C’est un album qui laisse au lecteur de belles possibilités de rêve et d’interprétation. D’abord à cause de son texte, qui s’ouvre sur une phrase énigmatique, j’habite avec des mots dessinés sur le sable. Des mots comme il y a. Puis commence la première phrase, il y a des marins à terre, complétée par 3 propositions relatives qui ouvrent à l’imaginaire : qui ont vu des femmes poissons, des poissons volants, des oiseaux de mer. Le texte disparait alors pour laisser la place aux illustrations, jusqu’au retour du frère ainé, accompagné d’un autre enfant aux cheveux bleus. Revient le texte, avec un autre il y a, il y a des chansons, il y a des chansons à voir. Texte très court, donc, mais largement ouvert à l’interprétation. « Il y a »… la locution constitue comme un degré zéro de la langue, puisqu’elle se contente d’énumérer le réel.

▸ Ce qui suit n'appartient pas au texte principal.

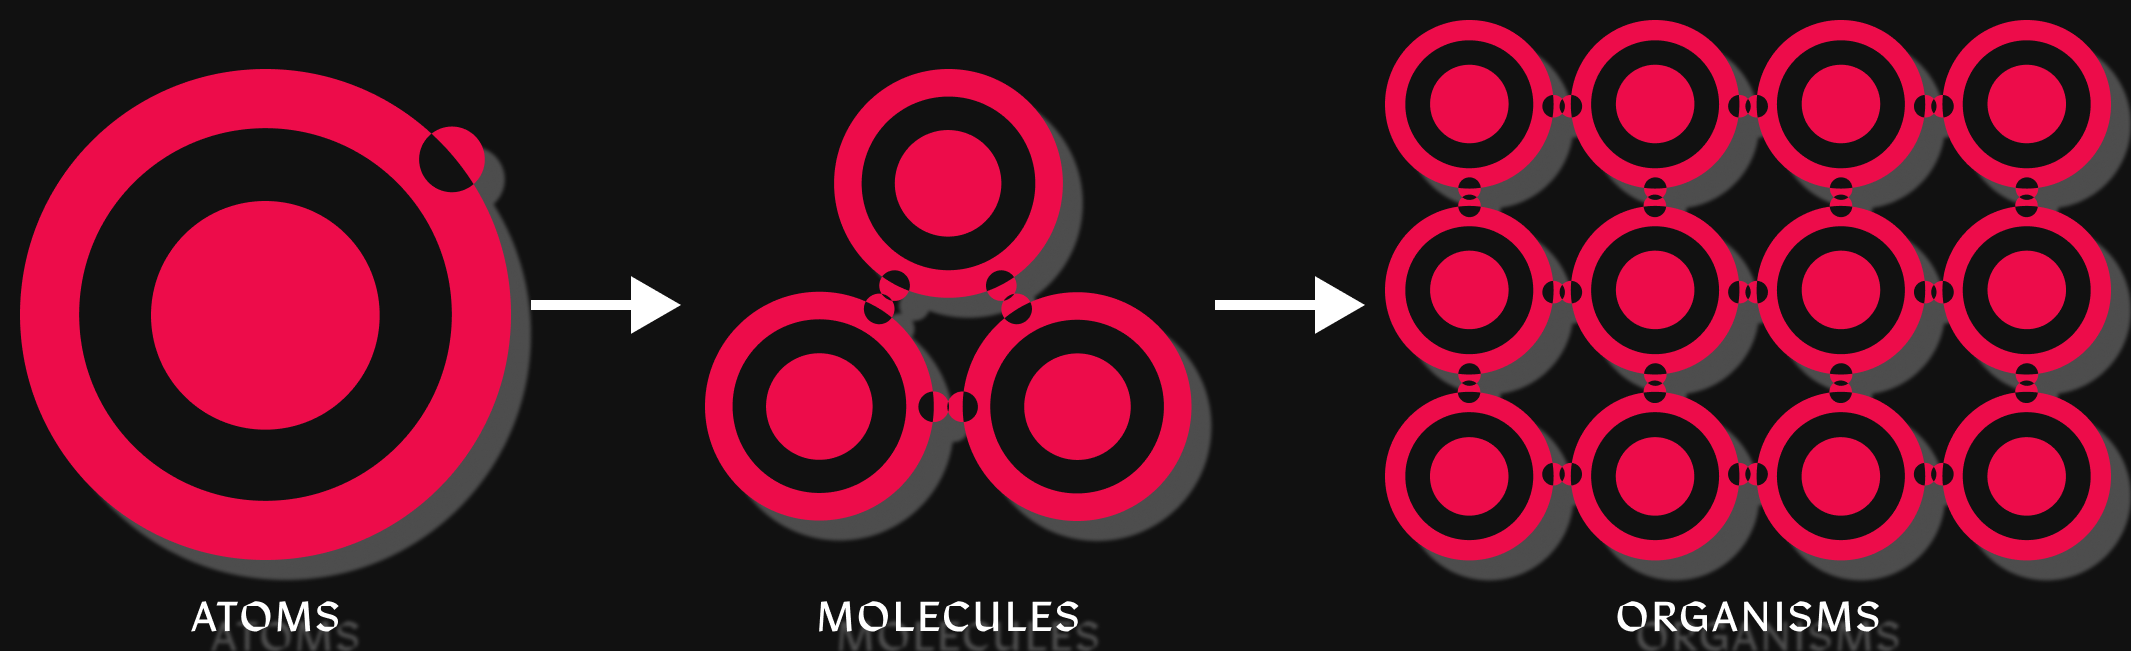 atoms-molecules-organisms
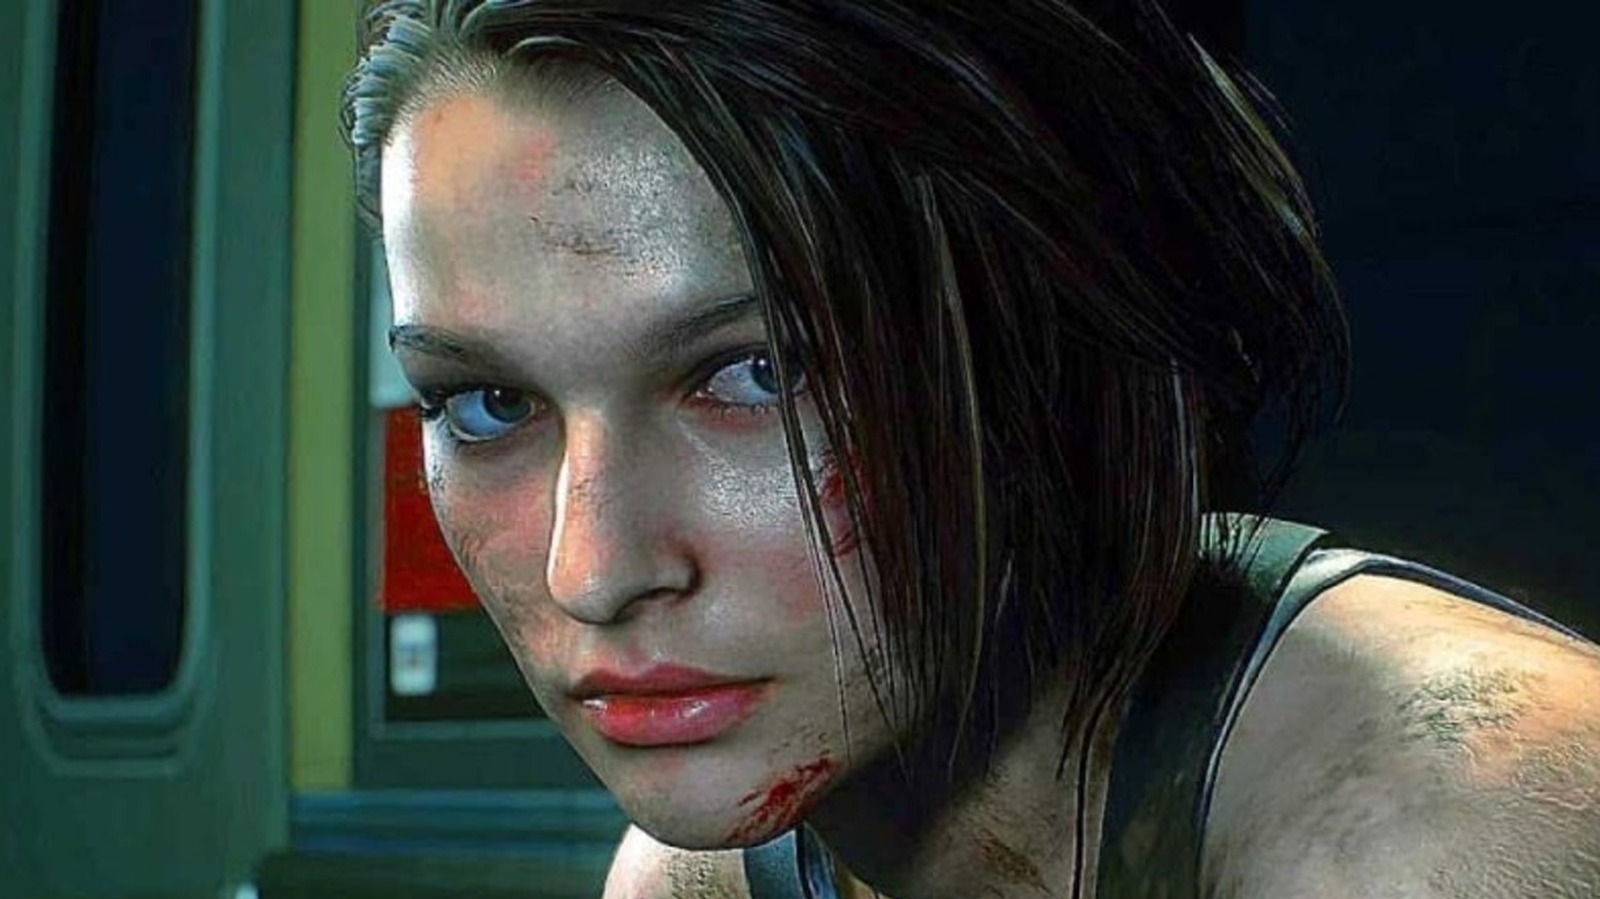 Tag: Resident Evil: Code Veronica X - Niche Gamer

Bien sûr, des lecteurs adultes se souviendront peut-être de Rimbaud ou d’Apollinaire et de la dimension poétique qu’elle comporte. Ce dont il est question ici à travers le texte, c’est moins du monde réel de la plage que du monde des mots et de l’imaginaire. Ces marins à terre ne sont que des enfants, et leurs visions sont bien imaginaires. Ce qui viendra à la fin de l’album, c’est l’évocation d’une autre œuvre artistique, faite pour partie de mots, une chanson. Il faut donner tout son sens à la première phrase, j’habite le langage, les mots, autant que le monde sans doute, mais ces mots, dessinés sur le sable, sont destinés à être effacés. C’est toute la question du souvenir qui se pose alors, matérialisé au milieu de l’album par les photos et les coquillages conservés, comme preuve en quelque sorte tangible que cela a eu lieu. La seconde partie, quelques années plus tard, entrecroise les figures de la permanence et du changement. Permanence des paysages, où seules les plantes ont poussé, permanence du personnage aux cheveux bleus, mais changement du deuxième personnage. Petit frère du début qui aurait changé sa couleur de cheveux ? Ou enfant du frère ainé venu contempler la mer avec son père ? L’album ne donne pas la clef, laissant chacun libre d’interpréter comme il l’entend ce retour vers cette plage, vers cette mer, devenue peut-être chanson à voir.

Les illustrations de Jennifer Yerkes proposent des doubles pages aux couleurs pastel, avec un découpage de plans très cinématographique pour faire suivre au lecteur la progression des personnages. Elles assument parfaitement la fonction narrative qui leur est attribuée dans la plus grande partie de l’album.

Enigmatique, poétique, plein de douceur,  cet album illustre un rapport particulier aux souvenirs,  aux vacances. Il parle, comme en filigrane, de la magie de la mer, de son imaginaire, mais aussi de transmission familiale.

Caché pas caché dans le sable

Caché pas caché dans le sable
Michelle Daufresne
Seuil Jeunesse, 2011

Une aventure à la mer

par Sophie Genin

51+edQUxgPL._AA115_.jpg   Cet album en accordéon recto-verso proposé dans la série « caché pas caché » permet aux très jeunes lecteurs, côté recto, narratif, de s’identifier au petit crabe à la recherche de son papa (suffisamment original pour être souligné : pour une fois, il n’est pas en quête de sa maman !) ou, au verso, plus « documentaire », d’observer les animaux du bord de mer.

Les illustrations, mêlant éléments naturels et créations de papiers collées faisant songer à Eric Carle, facilitent la recherche, pas toujours évidente, des éléments demandés par le texte (« Qui nage dans l’eau ? Où est passé le chien ? »). Tout cela donne envie d’accompagner le jeune enfant et de s’enthousiasmer avec lui de ses premières découvertes.